Physical Address
304 North Cardinal St.
Dorchester Center, MA 02124
Physical Address
304 North Cardinal St.
Dorchester Center, MA 02124
ISO/IEC 14143-6-14:2019 is an extension within the ISO/IEC 14143 series that provides specific guidelines for applying functional size measurement (FSM) to real-time and embedded systems. This standard addresses the unique challenges of measuring functional size in systems where time constraints, concurrency, and hardware-software interactions are critical. It builds upon the general framework established in ISO/IEC 14143-1 and aligns with the principles of COSMIC (ISO/IEC 19761) and other FSM methods.
The standard covers systems ranging from automotive engine control units (ECUs) to industrial automation controllers and medical device firmware. It defines rules for identifying functional user requirements (FUR) in environments where operations are triggered by external events, sensors, or timing functions. The scope explicitly excludes batch-oriented or purely data-centric systems, focusing instead on event-driven and reactive architectures.
The standard mandates several key technical adaptations to traditional FSM methods:
Event-Based Decomposition: Instead of using data movement as the sole criterion, ISO/IEC 14143-6-14 requires analysts to identify functional processes based on external events. Each event triggers a sequence of data movements, control flows, and timing constraints that must be measured as a single unit.
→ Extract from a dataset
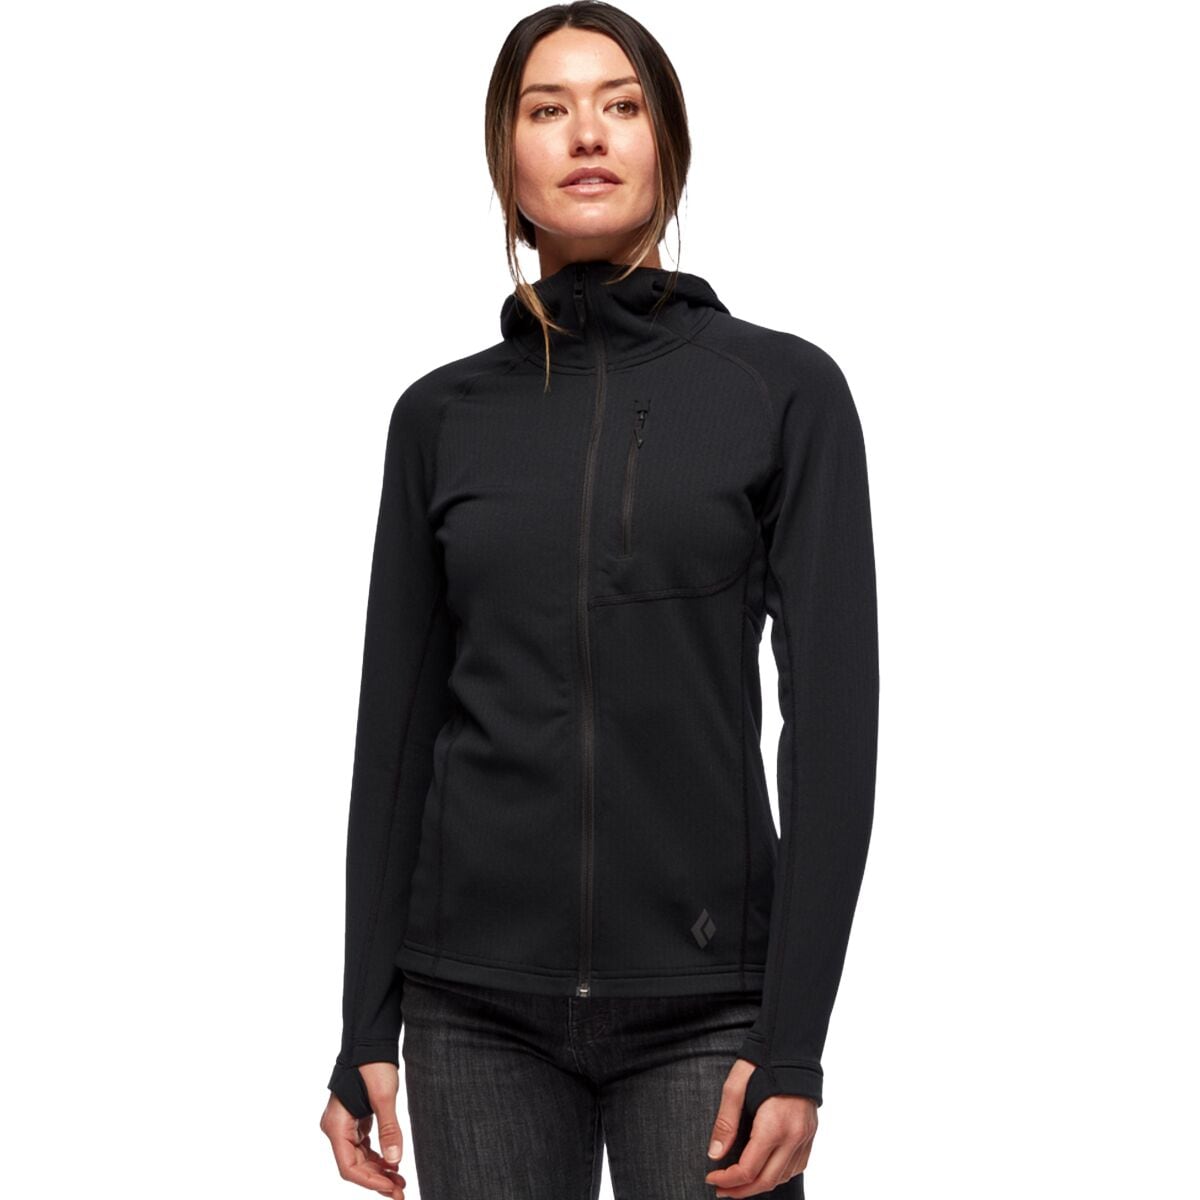 Coefficient Fleece Hooded Jacket - Women
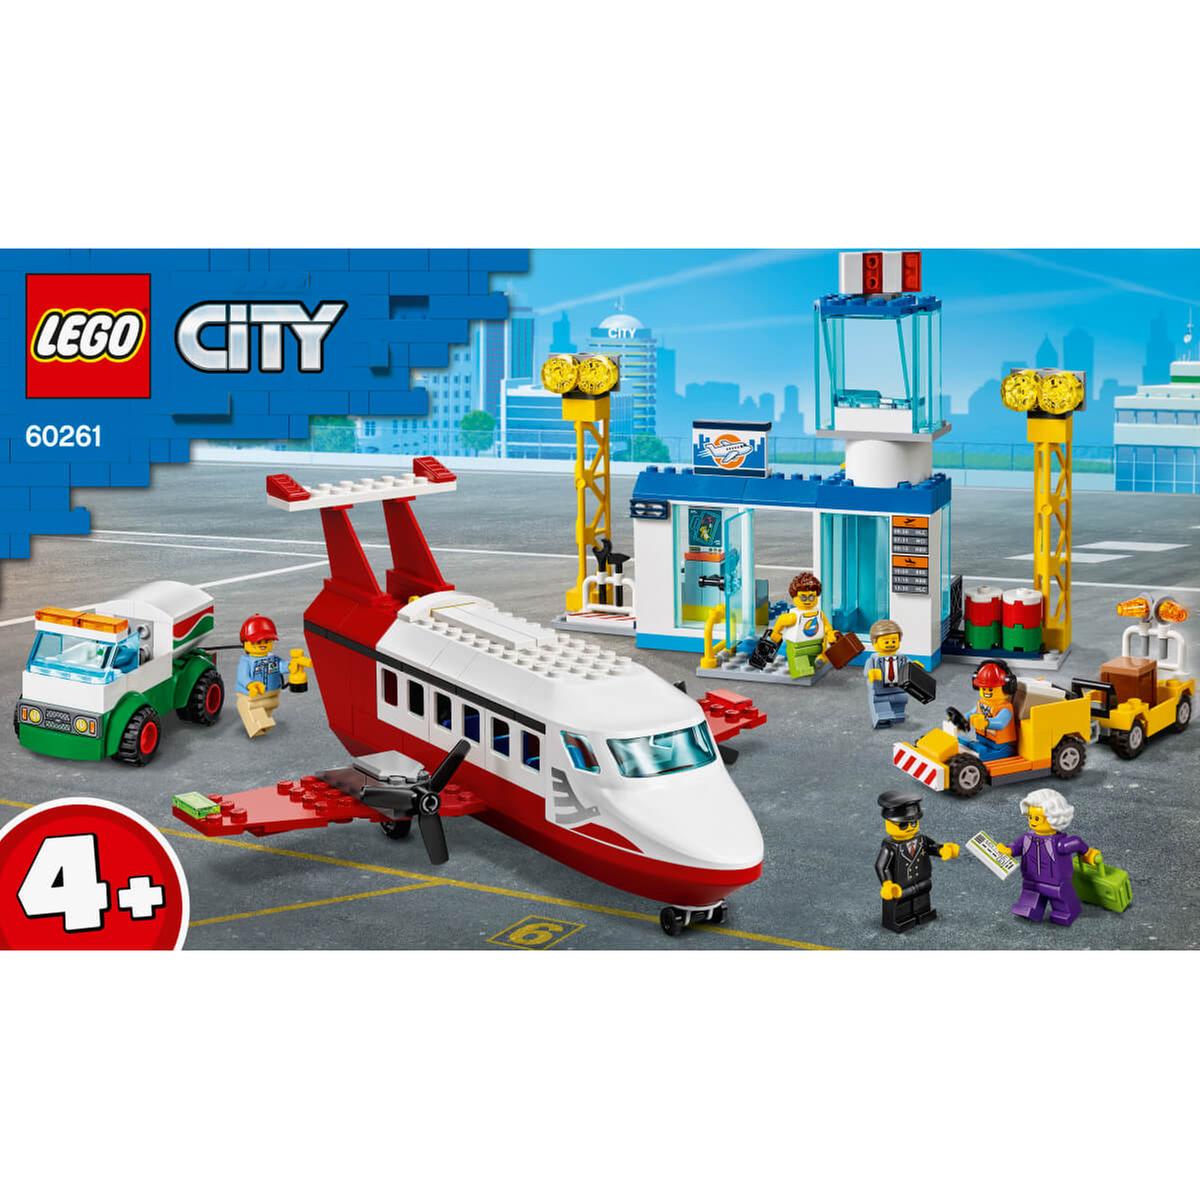 LEGO City - Aeropuerto Central - 60261 | Lego City | Toys"R"Us España

The standard introduces temporal subprocesses for periodic tasks, watchdog resets, and interrupt service routines (ISRs). These are measured using modified counting rules that account for:
The standard requires that parallel execution paths be treated as a single aggregated functional process if they share a common triggering event and contribute to the same functional user requirement. This prevents inflation of functional size due to parallel software architecture.
| Aspect | Standard FSM (e.g., COSMIC) | ISO/IEC 14143-6-14 Extension |
|---|---|---|
| Trigger identification | User-defined events only | Internal timing events, hardware interrupts |
| Data movement | Entry, exit, read, write | Also includes control signals, status flags |
| Subprocess boundaries | By functional user | By event and time interval |
| Hardware abstraction | Excluded or opaque | Explicit mapping of device interfaces |
| State-based behavior | Not considered | Different sizes for each operational mode |
Applying ISO/IEC 14143-6-14 in practice requires both process and tool adaptations:
Organizations should integrate functional size measurement into their requirements engineering workflow. For real-time systems, the standard recommends using sequence diagrams or statecharts to identify events and their associated functional processes. Each distinct scenario (e.g., start-up, normal operation, fault recovery) should be measured separately.
A significant contribution of this part is the explicit treatment of hardware interfaces. When a sensor value is read inside an interrupt routine, the associated data movement must be counted even if the operating system abstracts the hardware. The standard provides guidelines for identifying boundaries when software and hardware portions are co-developed.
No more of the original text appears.